→ **ABOUT THIS TASK**
From the entries below, retype only the lines from the one with "Das moderne Set" through the one with "Die minimalistische Collection'S", exactly as written.

___ GIVEN ENTRIES

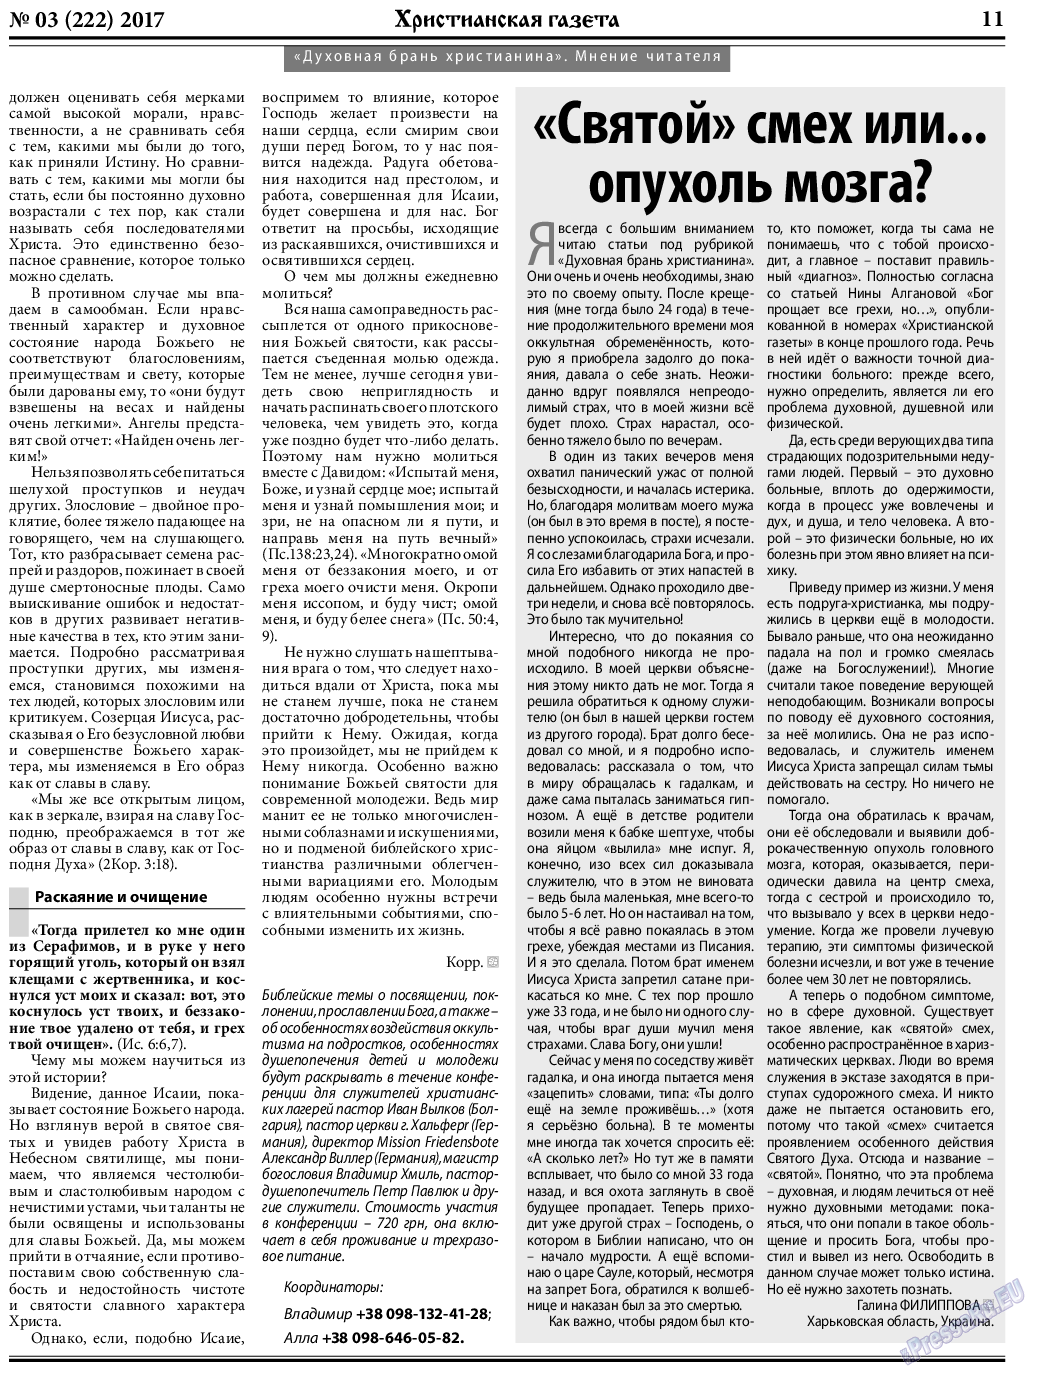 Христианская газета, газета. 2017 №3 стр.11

______
___ GIVEN ENTRIES

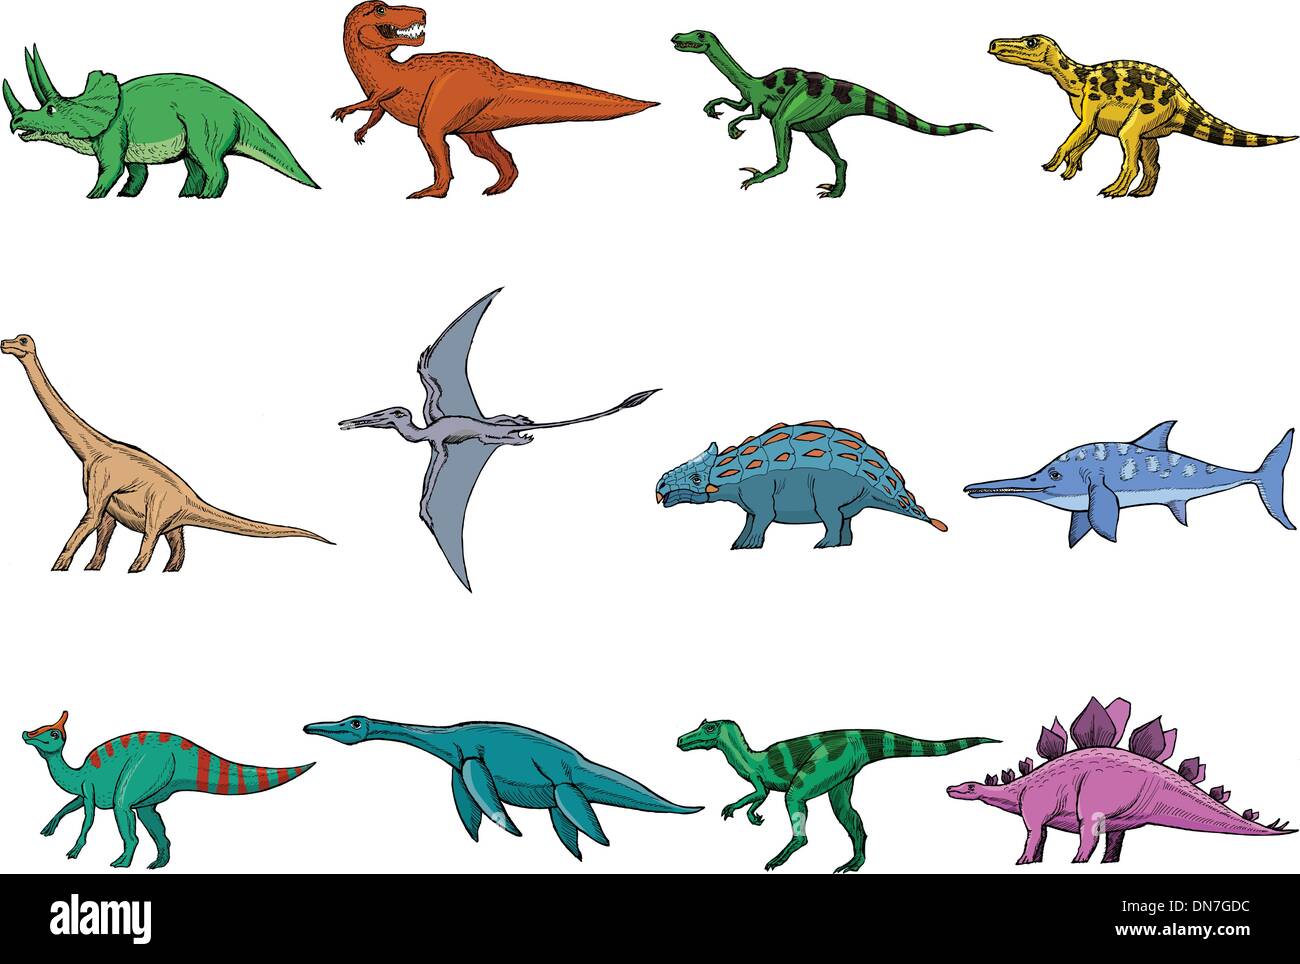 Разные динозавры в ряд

______
___ GIVEN ENTRIES

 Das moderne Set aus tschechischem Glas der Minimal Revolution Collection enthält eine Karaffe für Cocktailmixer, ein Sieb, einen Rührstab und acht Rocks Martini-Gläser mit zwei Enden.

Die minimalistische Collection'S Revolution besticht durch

______

→ **ANSWER AREA**
 Das moderne Set aus tschechischem Glas der Minimal Revolution Collection enthält eine Karaffe für Cocktailmixer, ein Sieb, einen Rührstab und acht Rocks Martini-Gläser mit zwei Enden.

Die minimalistische Collection'S Revolution besticht durch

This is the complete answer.